Our temptation is to be so impressed by our sins and failings and so overwhelmed by our lack of generosity that we get stuck in a paralyzing guilt.  It is the guilt that leads to introspection instead of directing our eyes to God.  It is the guilt that has become an idol and therefore a form of pride.
Lent is the time to break down this idol and to direct our attention to our loving Lord.”
- Henri Nouwen

Guilt is weighty isn’t it? It is the primary hammer that many of us in the evangelical church use to hit our own heads with over and over again. If guilt isn’t painful enough, Nouwen calls it idolatrous, prideful and downright sinful. Ouch. He has a good point though, doesn’t he? Haven’t you “wallered” in your guilt as a pig does mud in hopes that those you have harmed will truly understand how remorseful you are?

In terms of sharing our faith story with other people, Nouwen reminds me of the danger of dwelling too much on the far country of rebellion. Something in me wants you to know just how bad I really was and am. Why? (I’m still a work in progress). While rebellion is a key component to the story of the prodigal son, it must never trump the persistent love of the father who waits with robe and ring in hand.

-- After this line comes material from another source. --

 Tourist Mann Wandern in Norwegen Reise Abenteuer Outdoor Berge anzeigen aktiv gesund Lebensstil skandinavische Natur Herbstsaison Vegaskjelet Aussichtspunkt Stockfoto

May our awareness of sin push us to Jesus and nowhere else.

I Met A Leper.

I met a leper.

Really, I did. He said so.

I was talking to a friend who was asking me about the sermon I was about to preach. I told her I was preaching on Mark 1, a moving story of a leper who came to Jesus to be healed. As soon as I said the word leper, a voice from behind me said, “hey, I’m a leper.” I turned around to see five well dressed men sitting on a couch behind me. The spokesmen for the group said “I’m a leper and all these guys are as well”, pointing to his friends on the couches. “We are actually schizophrenics”, the man proclaimed boldly. “The bible refers to us as demon possessed and people today think we are whackos.” After the man made this statement, my heart began to hurt for him. I began to grasp what he was trying to tell me. He was begging me to understand that the leper in Mark 1 was viewed as a social corpse and he as a schizophrenic could identify. This man and his friends knew what it was like to be physically and socially outcast and misunderstood.

One thing I didn’t know is that I was talking to some famous, modern-day lepers. All of them had PhD’s and one of them was John Nash, the Nobel Peace Prize winning mathematician who was portrayed by Russell Crowe in A Beautiful Mind. These men and many others stayed where we live for a week as they were leading a symposium on schizophrenia and the flourishing life at my seminary.

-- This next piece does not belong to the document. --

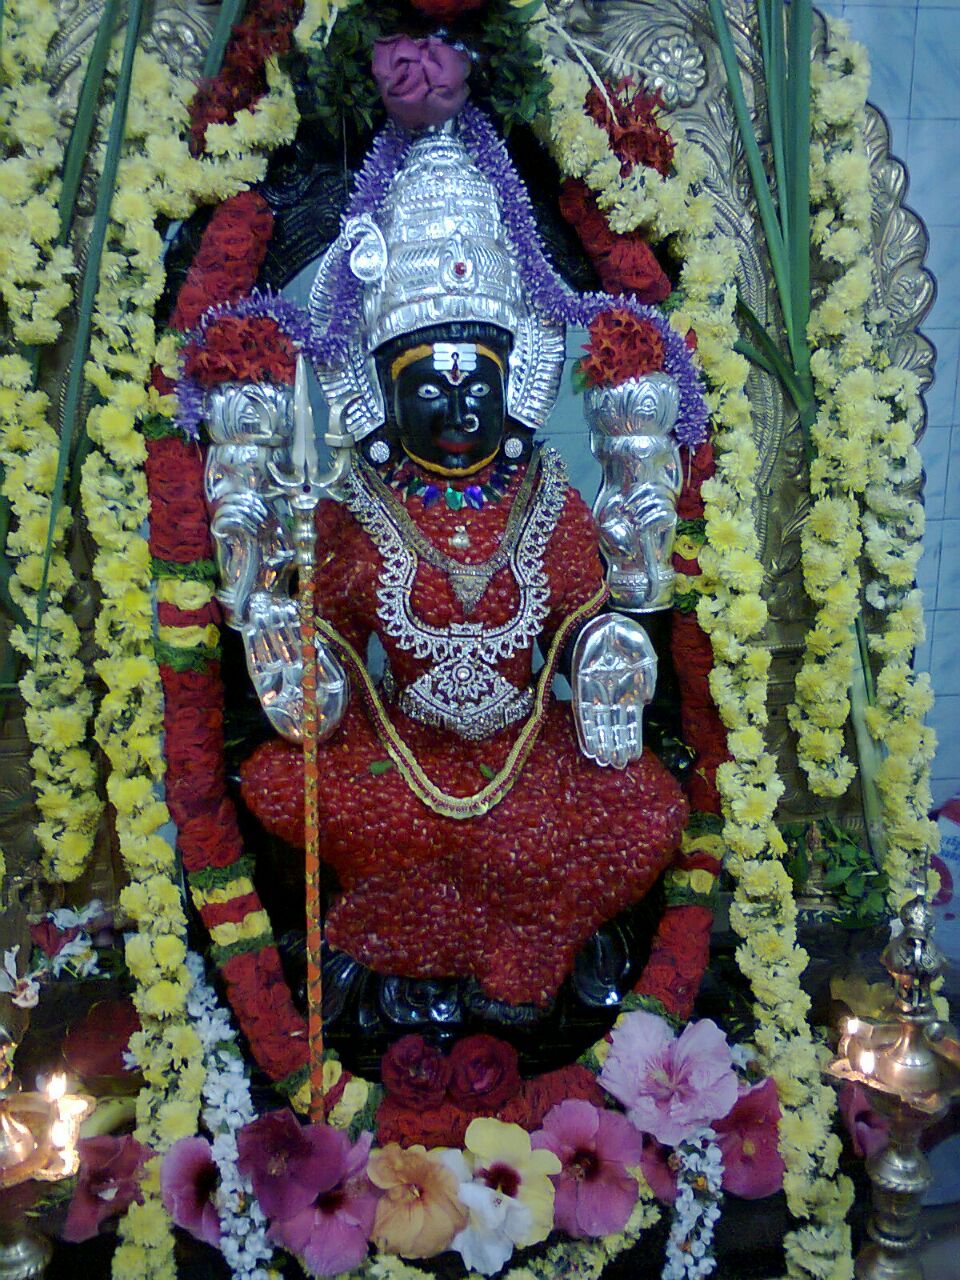 File:Goddess mahalakshmi image 8.jpg - Wikimedia Commons

So what did I do after this stirring encounter? First I went back to my room and cried for 30 minutes. I cried because these men represent multitudes of others who are viewed as “whats” and not as “whos.” The leper in Mark 1 was a “what”,  because we know nothing about him except “what” disease inflicted him. We know nothing about where he was from, what he was like or what brought him joy. We just know he had a disease. The men I talked to throughout last week made sure I knew they were so much more than “whats”; they were “whos.” You might be reading this and saying, “of course they are “whos!” My response would be, “then why are so many modern lepers still on the outside of the village, begging to come into our churches, homes and social circles?”

I think I took a step in conquering a fear I didn’t know I had. In my closing conversations I wanted to let these men know that they have helped shape they way I see life. One man asked me if he could quote me on that and I said, “yes.” He then said, “Can I quote you an every conversation we’ve had this week?” Remembering that I was talking to a bona fide genius, I said, “sure.”